Refugees in Newcastle and children of people who survived the Holocaust, have been sharing their stories as part of a performance which will take place at Newcastle City Library during Refugee Week.

Peace Procession2 is a performance created by Newcastle-based Skimstone Arts, which uses music, sound and theatre to explore stories of human acts of kindness, bravery and resilience.

Claire Webster Saaremets, Artistic Director of Skimstone Arts, explains: “We’ve collected stories from people who are members of Bosnian, Syrian and Roma refugee communities and who are now living here in the North East.

“We also listened to some people whose parents were Holocaust survivors and the courage, bravery, honesty and resilience of each person sharing their experience sharing was a privilege to hear.

“Their stories are still so relevant to today and they give an insight into how the human spirit can still continue to be alive in times of madness.”

One of the people who shared his story was Smajo, who came to the North East from Bosnia aged nine, and attended Chillingham Road Primary School in Heaton, Newcastle. Now in his early thirties, Smajo is studying for a PhD in Architecture at Newcastle University.

Smajo said: “I often think about all the people that helped us when we first moved here. The war was going on for so long, we actually moved house 14 times in the first nine months of the war and then I came to Chillingham Road [Primary School] and my teacher and classmates were singing in Bosnian. I can’t explain how amazing that was! Really, that was finally being home.”

Smajo added: “You grow up without your aunties, your cousins and where we lived you had your closest family there near you. Bosnian families are really, really close and you have your extended families…that is your meaning of home and you can try and recreate it here – my brother is here and my sister is here. But there is always that yearning for what could have been.”

Balsam, who is from Syria and moved to Newcastle with her family, shared stories of what it was like to see her homeland and people she loved displaced by war, saying: “I am now at a very difficult point in my life. Should I try and go home? The boys are settled here. But I am maybe torn again. There are no answers. I still live in those uncertain places. But I am still one of the lucky ones.”

Marta Josephs, based in Newcastle and formerly from Hungary, talked about her father Andrew Frankel, a Holocaust survivor: “I remember my mother saying that she always wanted to have plenty of food on the table because she never wanted my father to go without food again. So I knew that he had been starved.”

Claire added: “We are working with a wonderfully diverse, professional and international cast of performers, dancers and up and coming young Romanian musicians to create live music, soundtracks, theatre and procession, inviting people to stop and look and reflect on these experiences of finding identities, connections and hope in a new land and place.
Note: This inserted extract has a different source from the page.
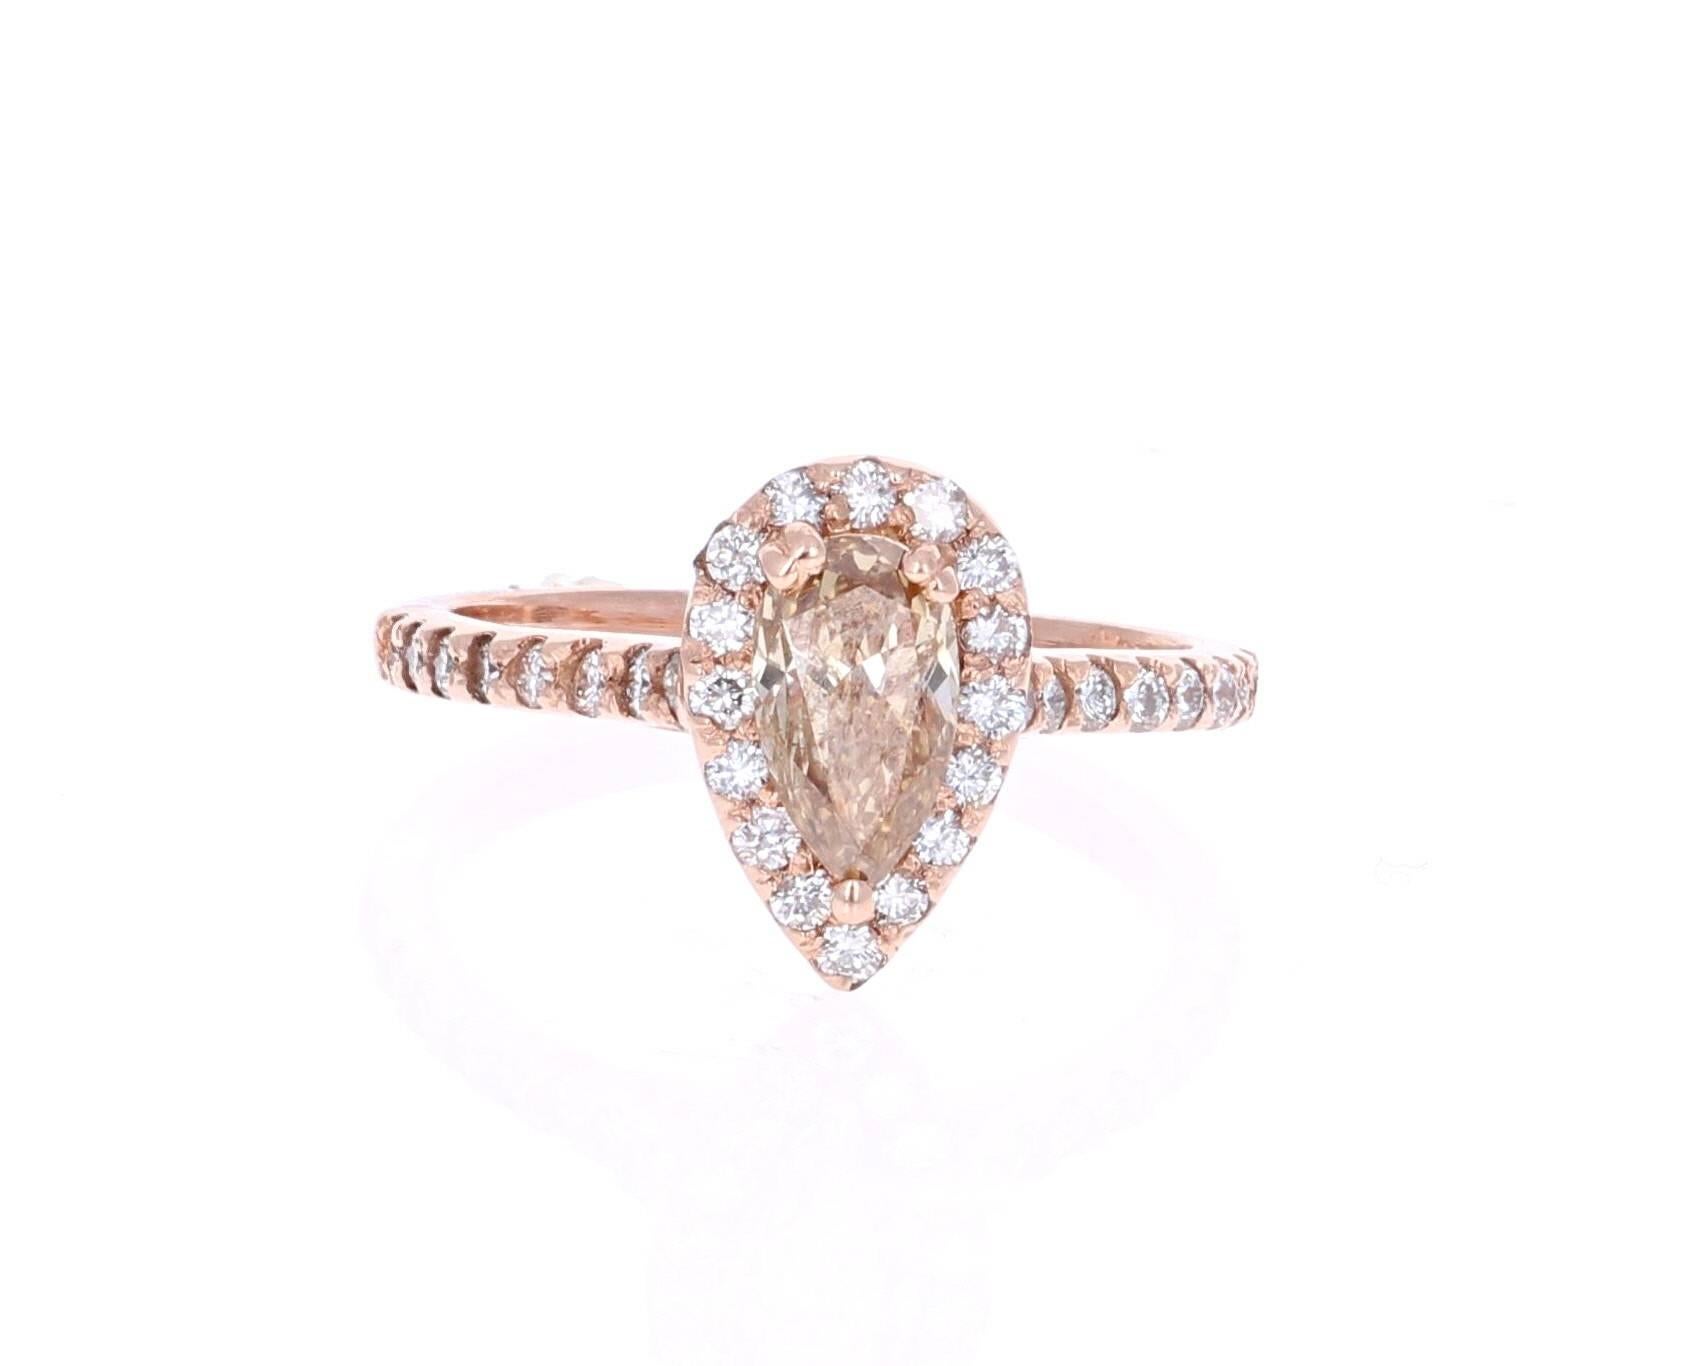 A gorgeous 1.55 Carat Fancy Pear Cut Diamond Engagement Ring in 14K Rose Gold that will leave her breathless! 

The center stone is a fancy colored Champagne Pear Cut Diamond weighing 1.02 carats.  It is surrounded by a halo of 32 Round Cut diamonds

“I’m also grateful to Dr Beate Müller, Reader in Modern German Studies and Director of Impact and Engagement, School of Modern Languages at Newcastle University for her extensive research and knowledge of child Holocaust testimonies.”

Each story has been used to help shape the performance, which takes place on Friday 21 June at Newcastle City Library at 4pm. The performance lasts for 20 minutes.

Admission is free and no booking is required.

Peace Procession2 has been commissioned by Newcastle City Council Arts Development Team. Arts Council England Elevate Funding is supporting the cast in residence to develop the performances.